#### What to work on:
Repeat the listing verbatim. Drop any pictures.

#### Given information:
▬▬▬

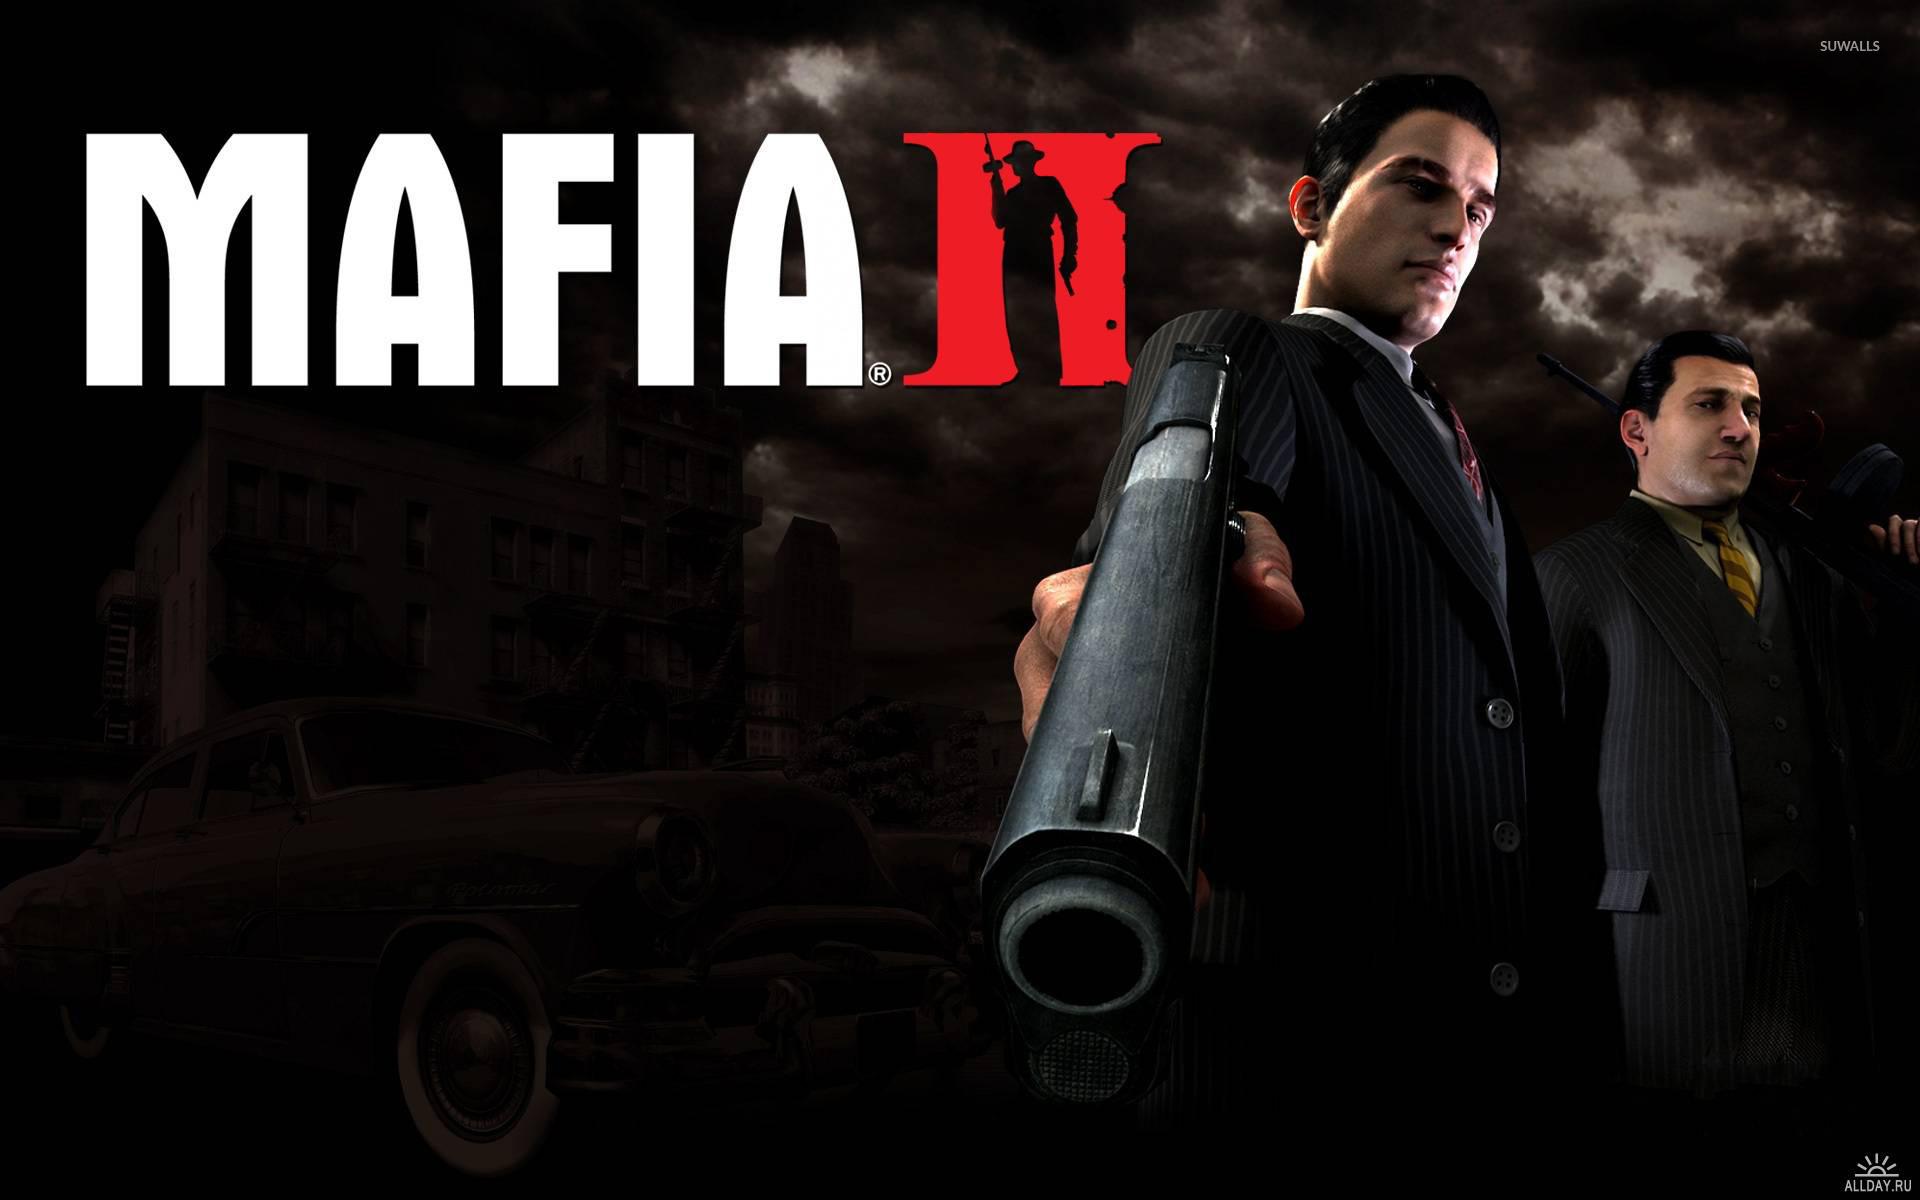 Mafia II [4] wallpaper - Game wallpapers - #9808
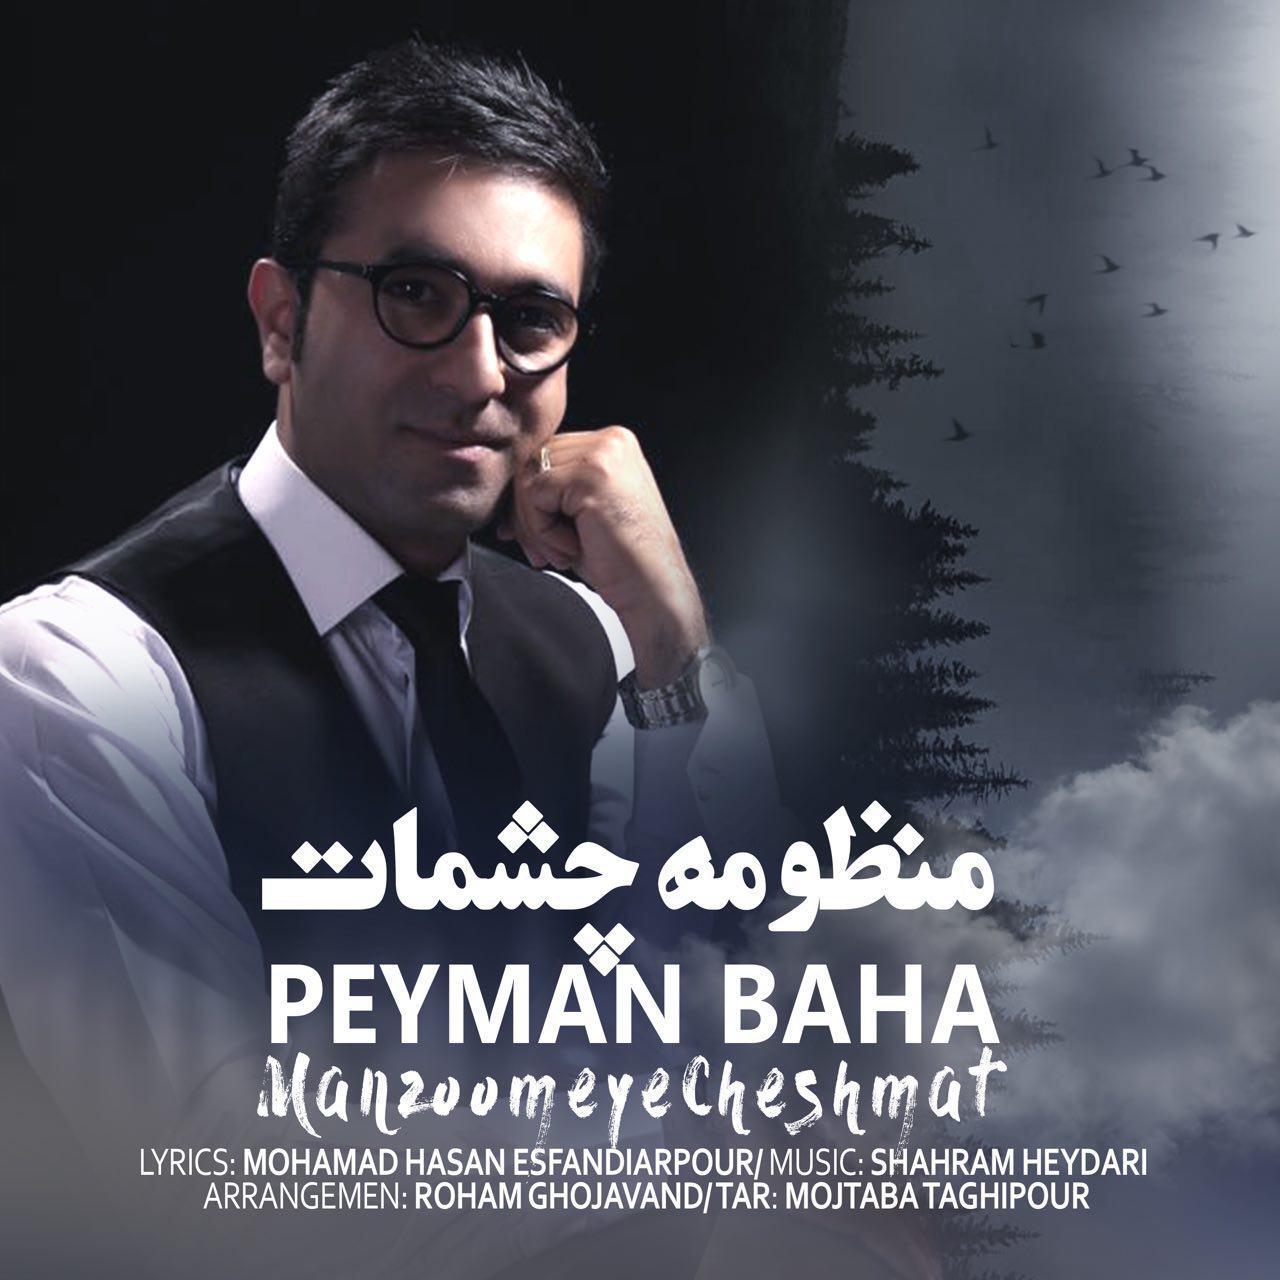 Peyman Baha – Manzoomeye Cheshmat
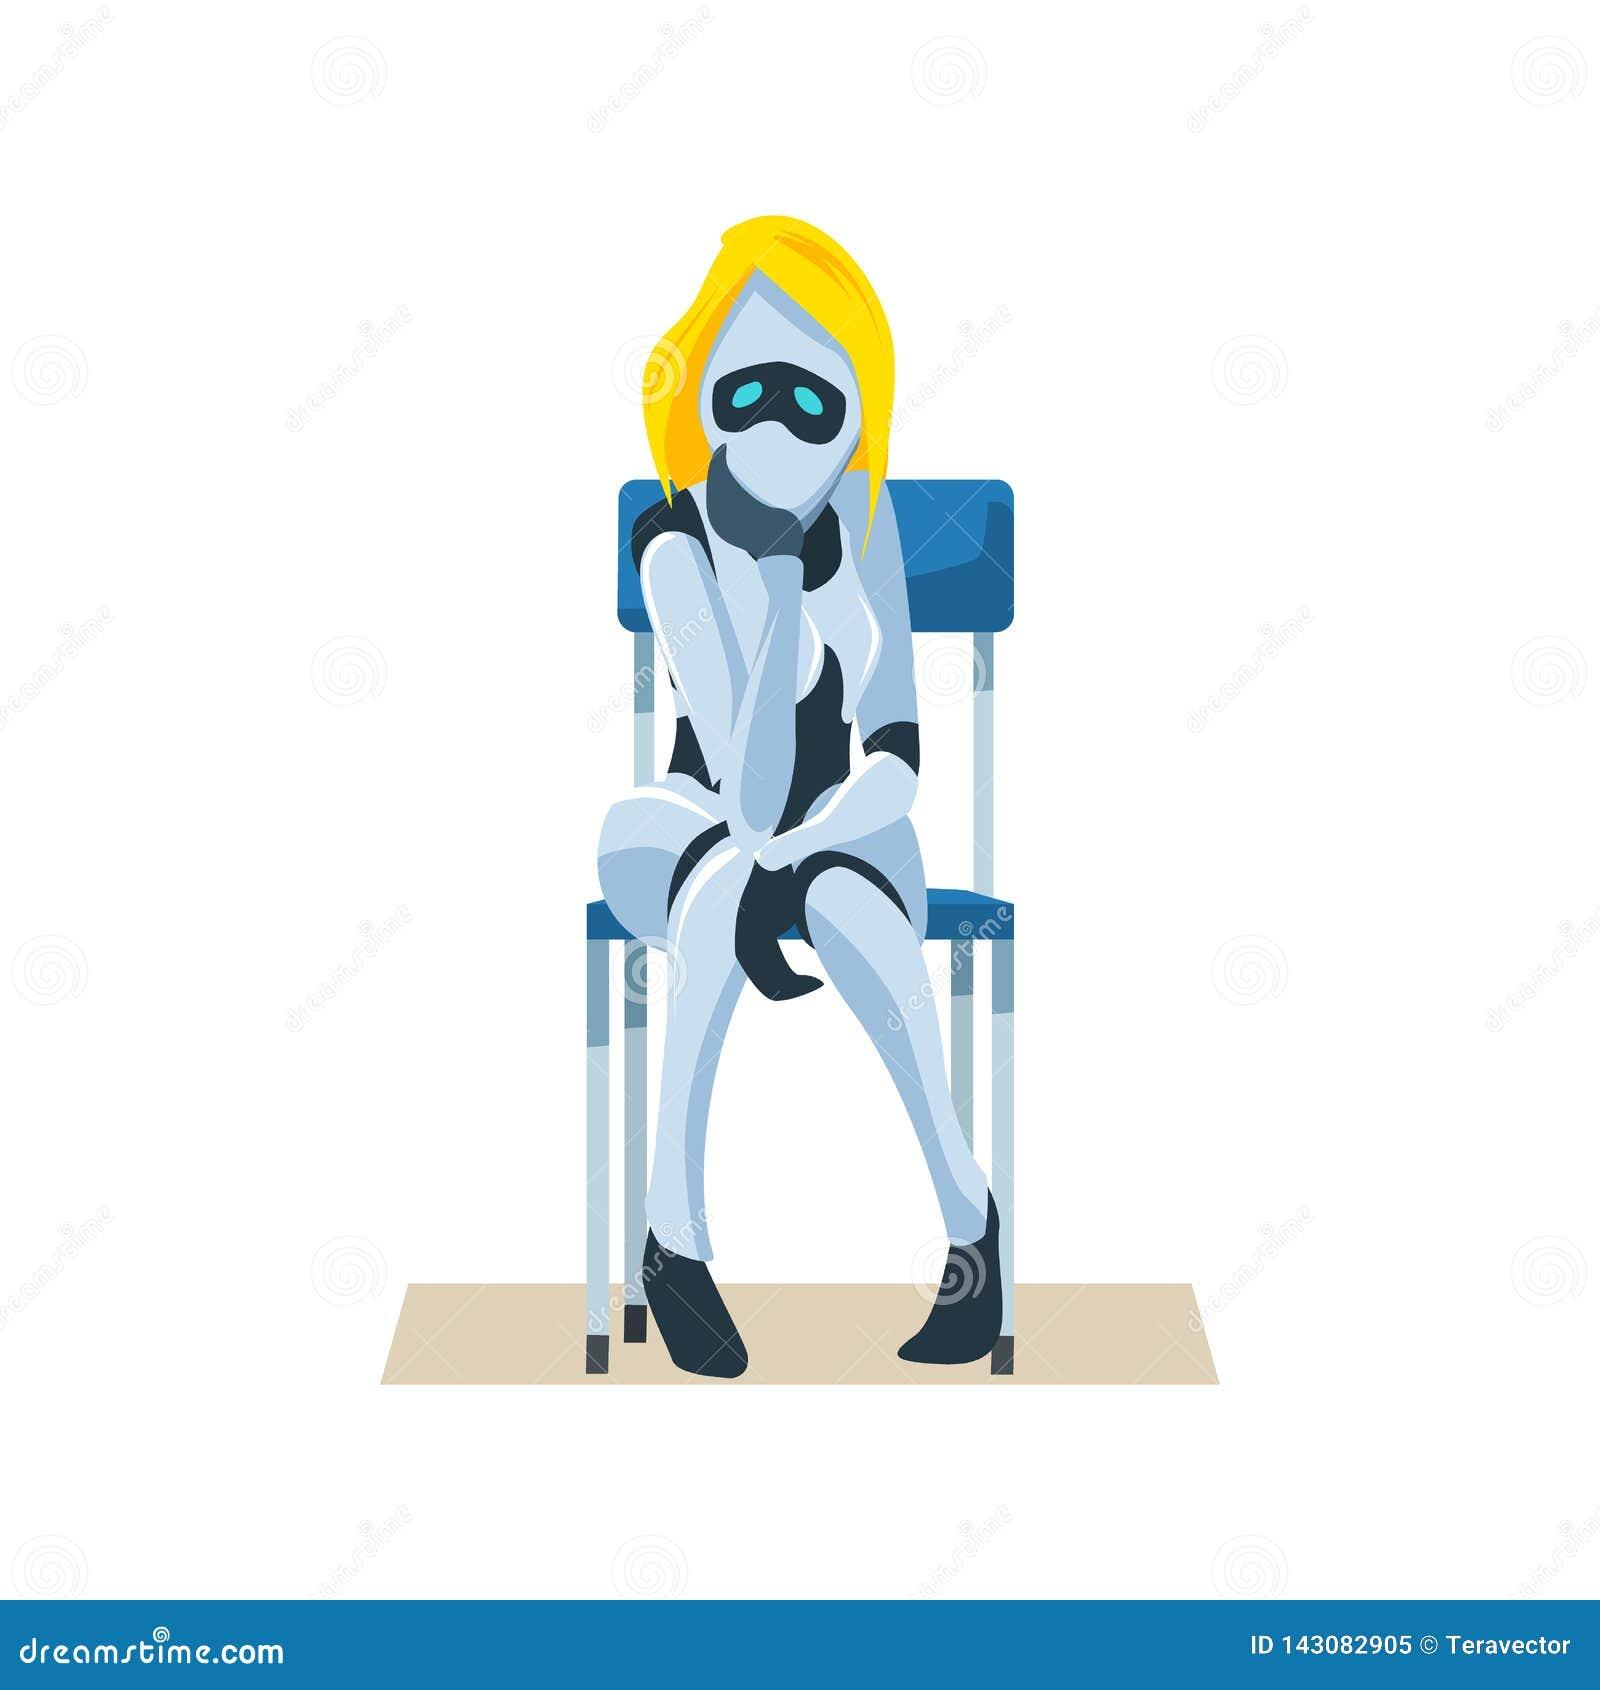 Worried Female Robot on Chair Wait Job Interview
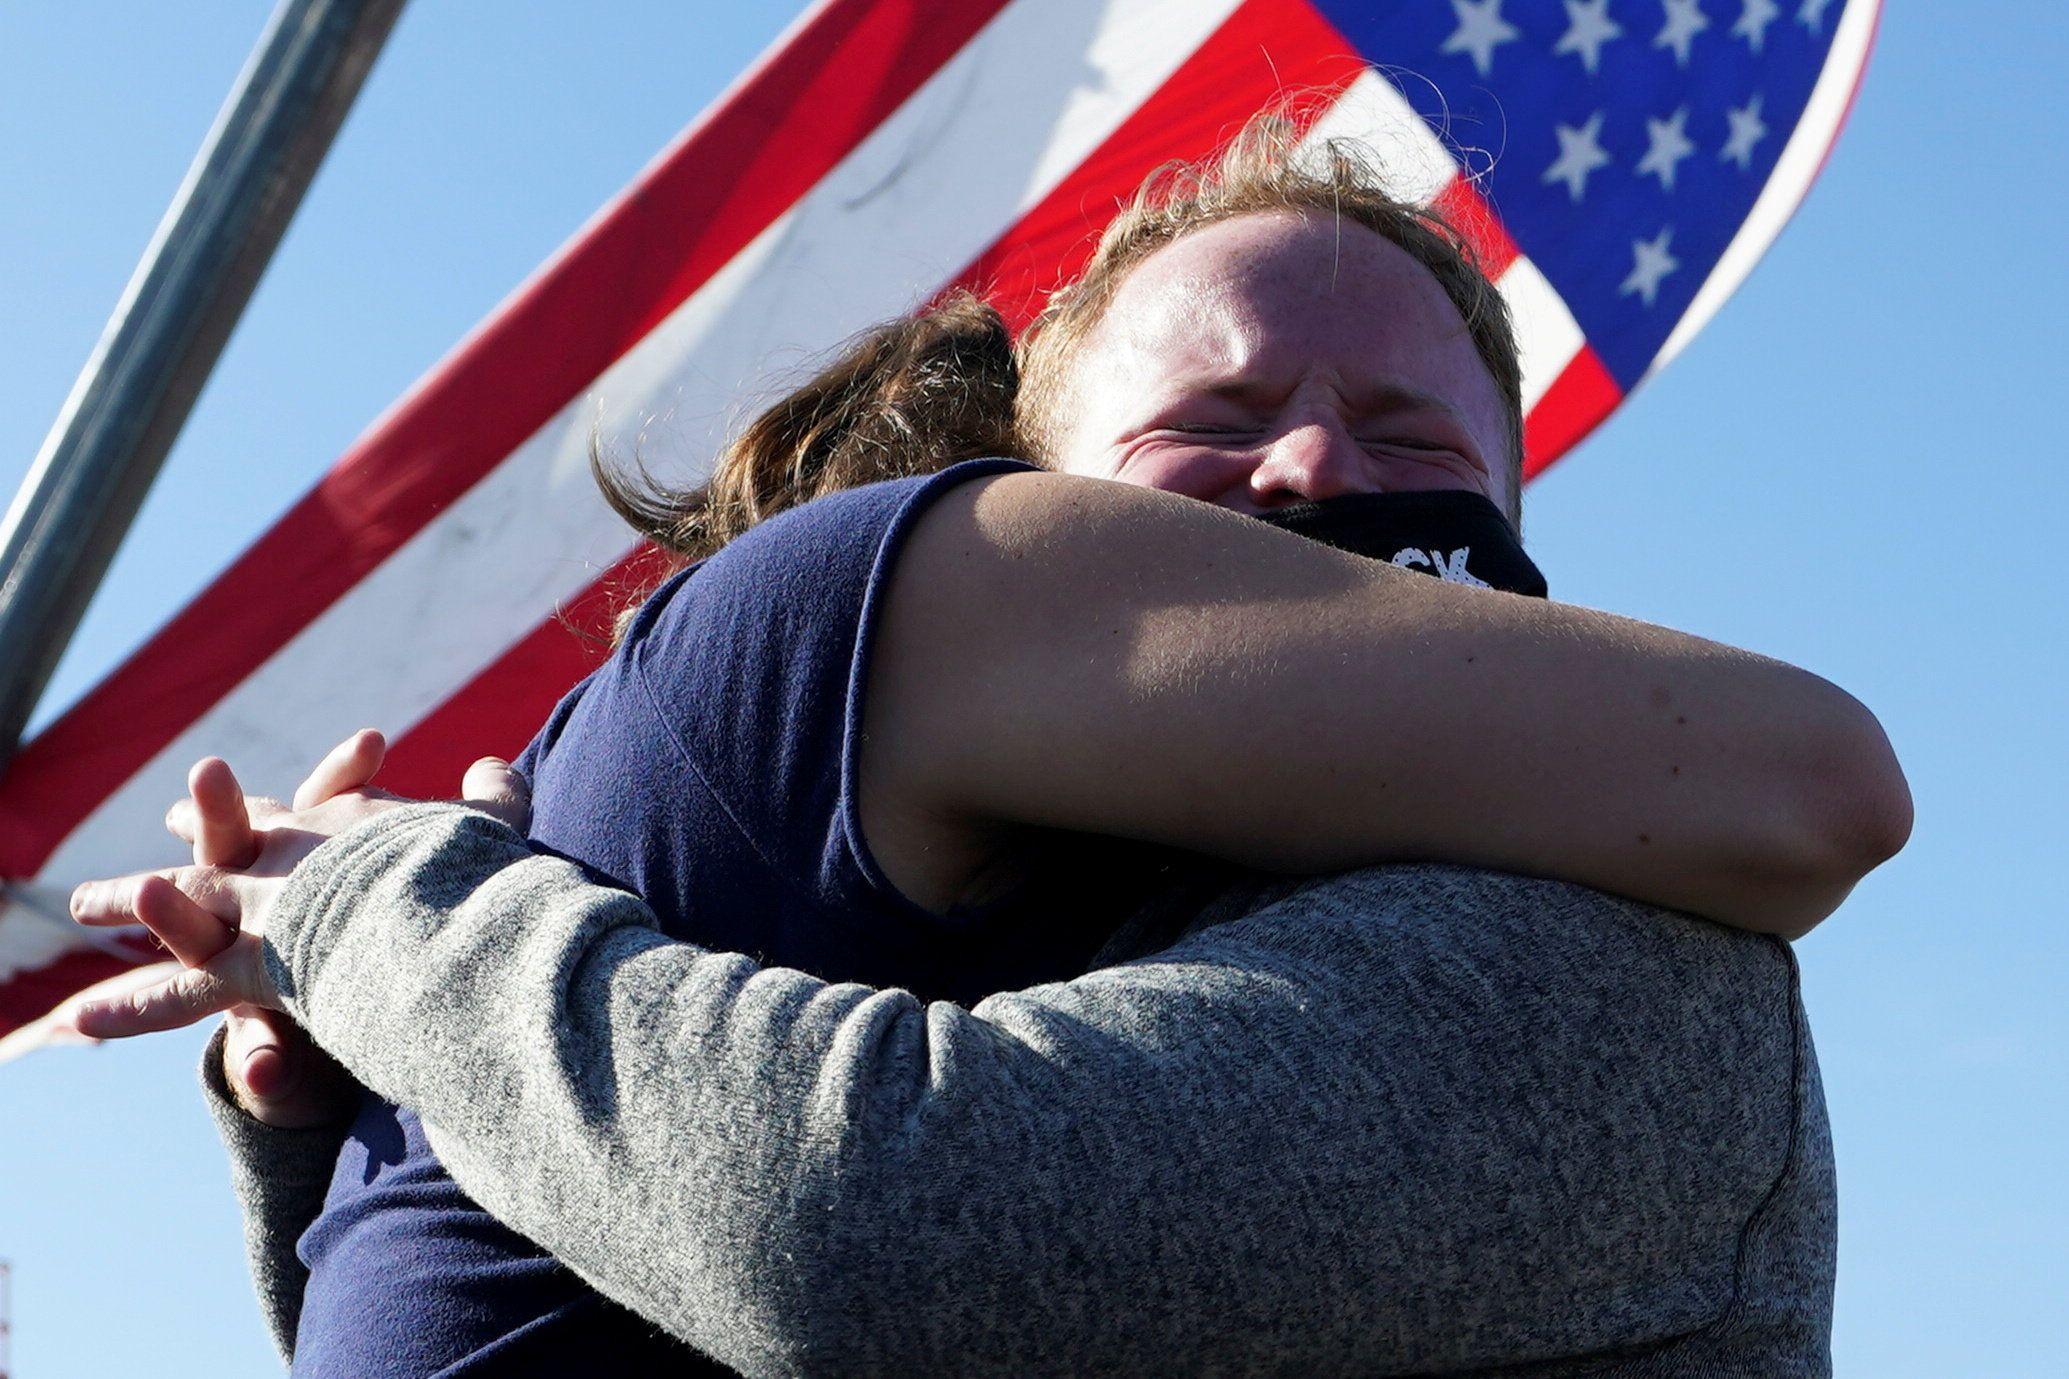 Supporters of Democratic U.S. presidential nominee Joe Biden embrace

▬▬▬

#### Answer:
 Mafia II [4] wallpaper - Game wallpapers - #9808
 Peyman Baha – Manzoomeye Cheshmat
 Worried Female Robot on Chair Wait Job Interview
 Supporters of Democratic U.S. presidential nominee Joe Biden embrace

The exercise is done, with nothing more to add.